(Records from a dataset)

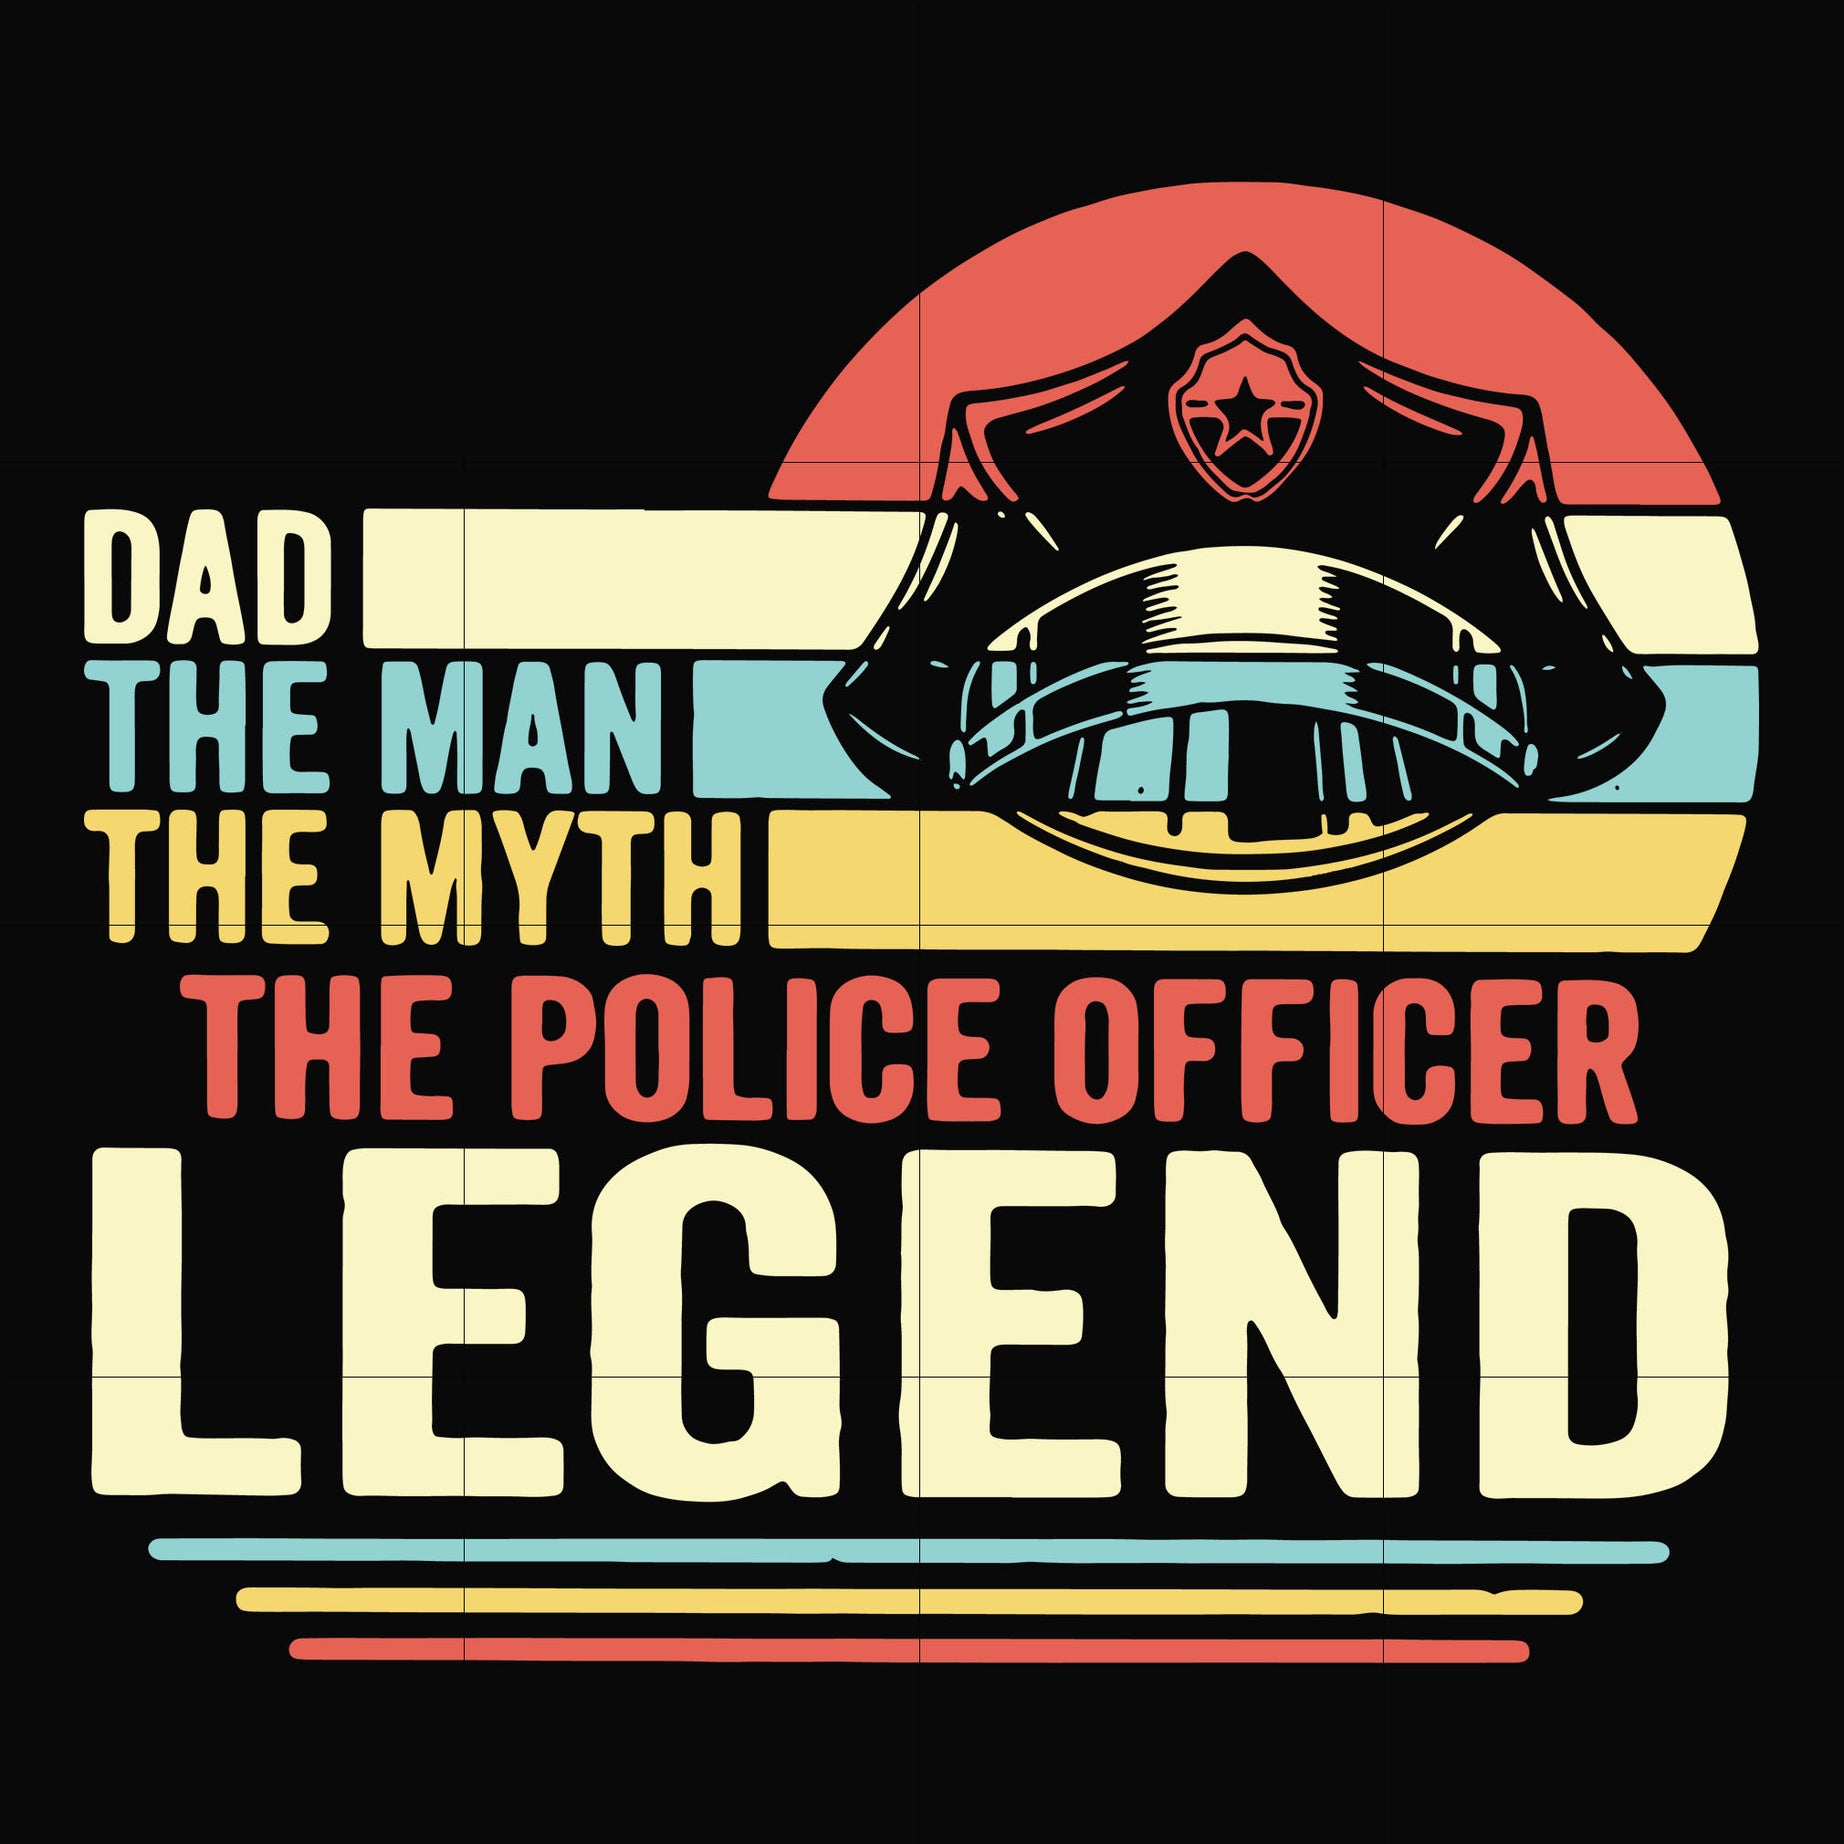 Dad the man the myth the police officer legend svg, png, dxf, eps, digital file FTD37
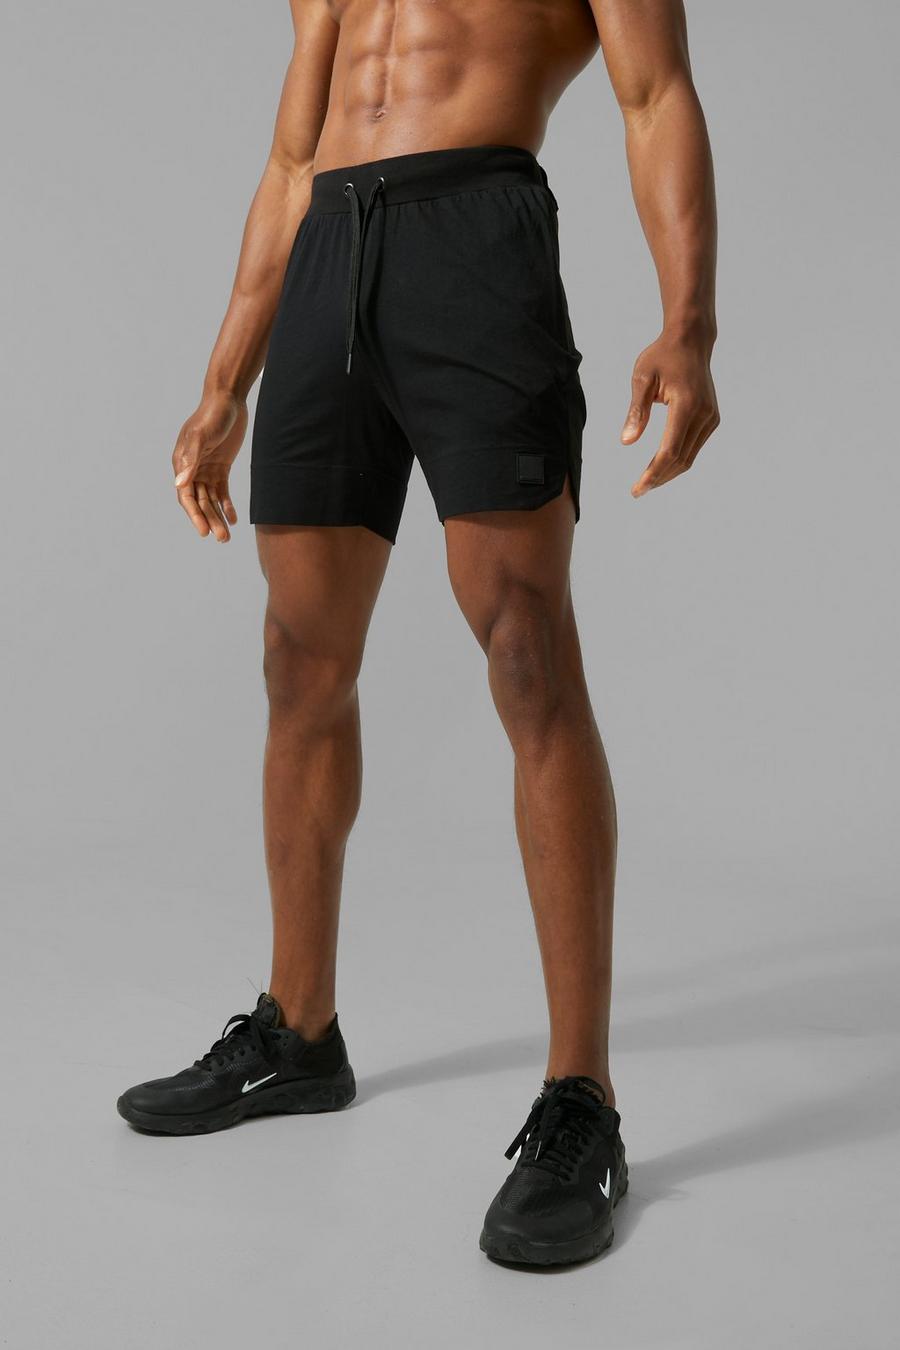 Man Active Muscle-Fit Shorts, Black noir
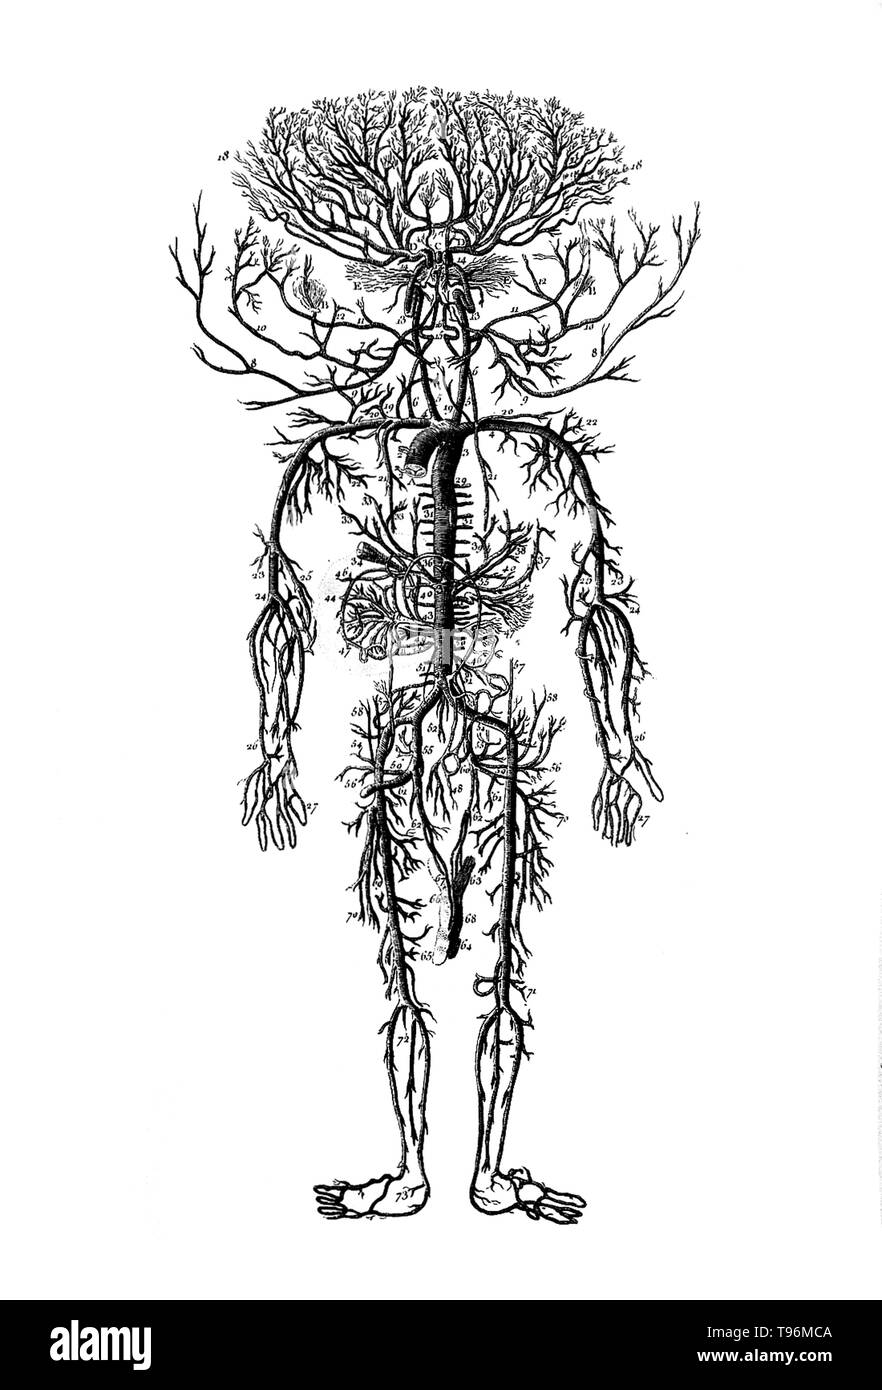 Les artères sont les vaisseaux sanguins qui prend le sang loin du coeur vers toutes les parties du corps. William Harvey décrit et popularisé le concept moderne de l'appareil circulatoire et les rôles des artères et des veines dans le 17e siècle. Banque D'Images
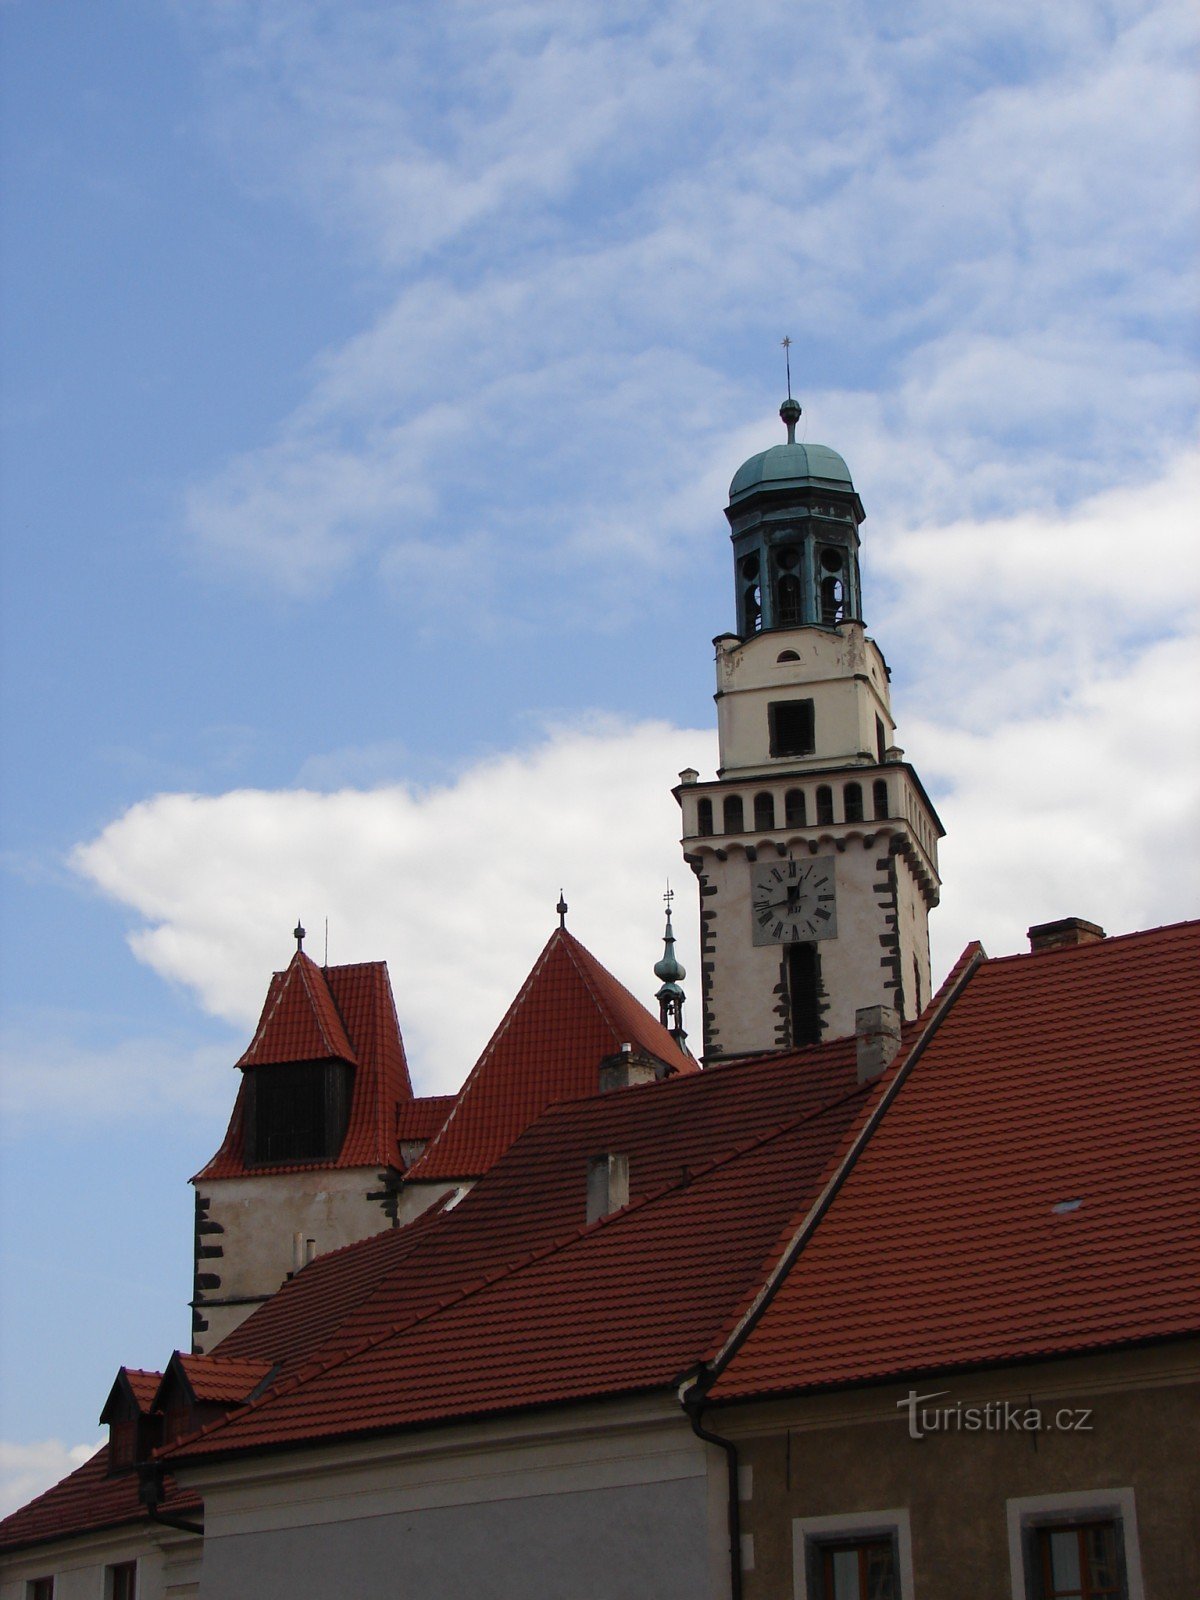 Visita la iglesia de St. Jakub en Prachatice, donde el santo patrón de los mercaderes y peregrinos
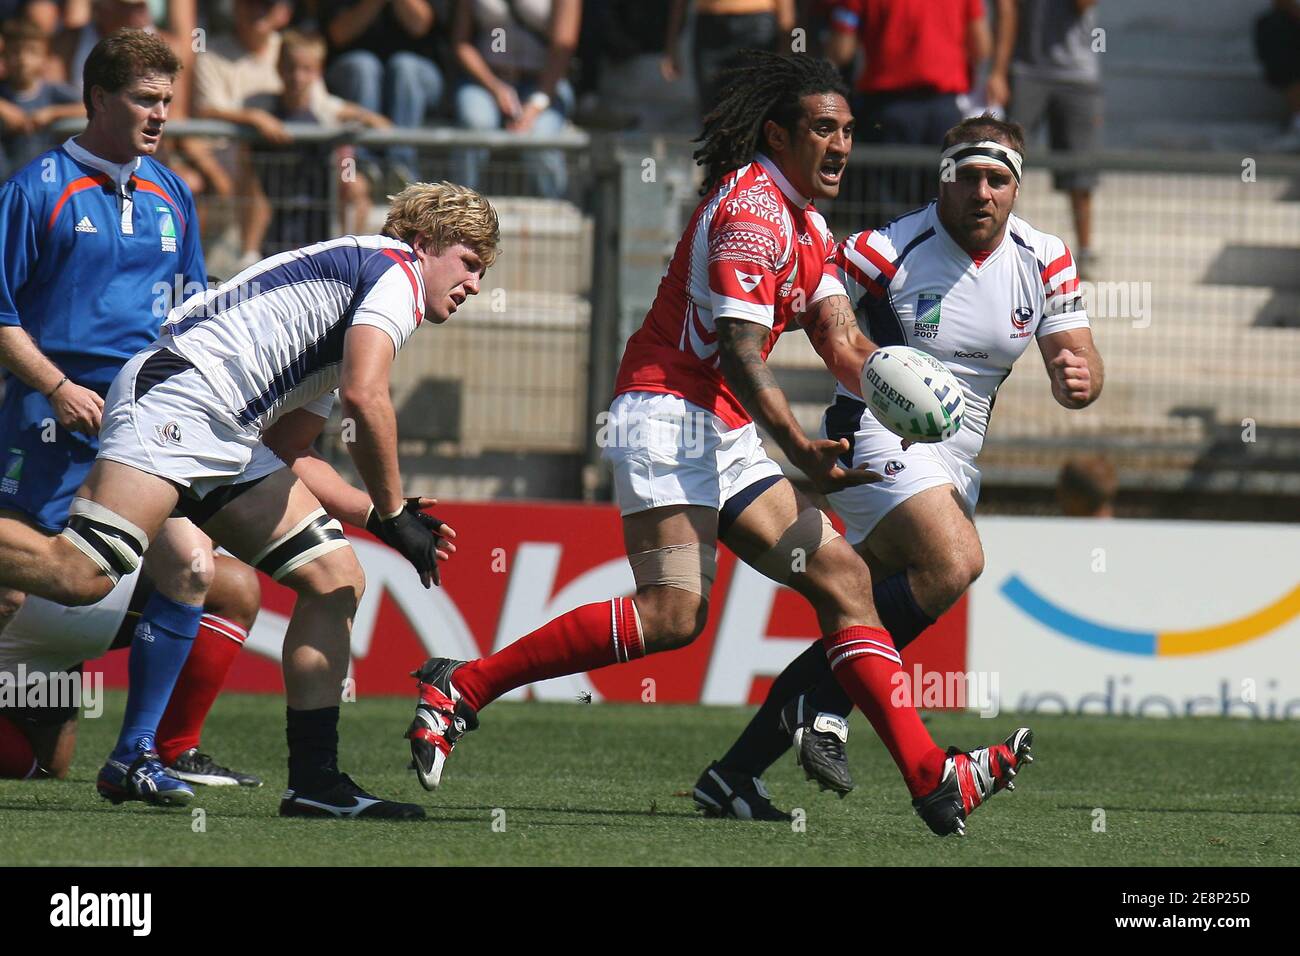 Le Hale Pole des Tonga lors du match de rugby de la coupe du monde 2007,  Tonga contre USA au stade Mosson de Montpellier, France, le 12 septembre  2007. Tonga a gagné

DIRECTIONS FOR THIS TASK » Write the lines from the line containing "Visita la iglesia" through the last line of the data out again exactly, and only those lines; pictures stay out.

EXERCISE ANSWER »
 Visita la iglesia de St. Jakub en Prachatice, donde el santo patrón de los mercaderes y peregrinos
 Le Hale Pole des Tonga lors du match de rugby de la coupe du monde 2007,  Tonga contre USA au stade Mosson de Montpellier, France, le 12 septembre  2007. Tonga a gagné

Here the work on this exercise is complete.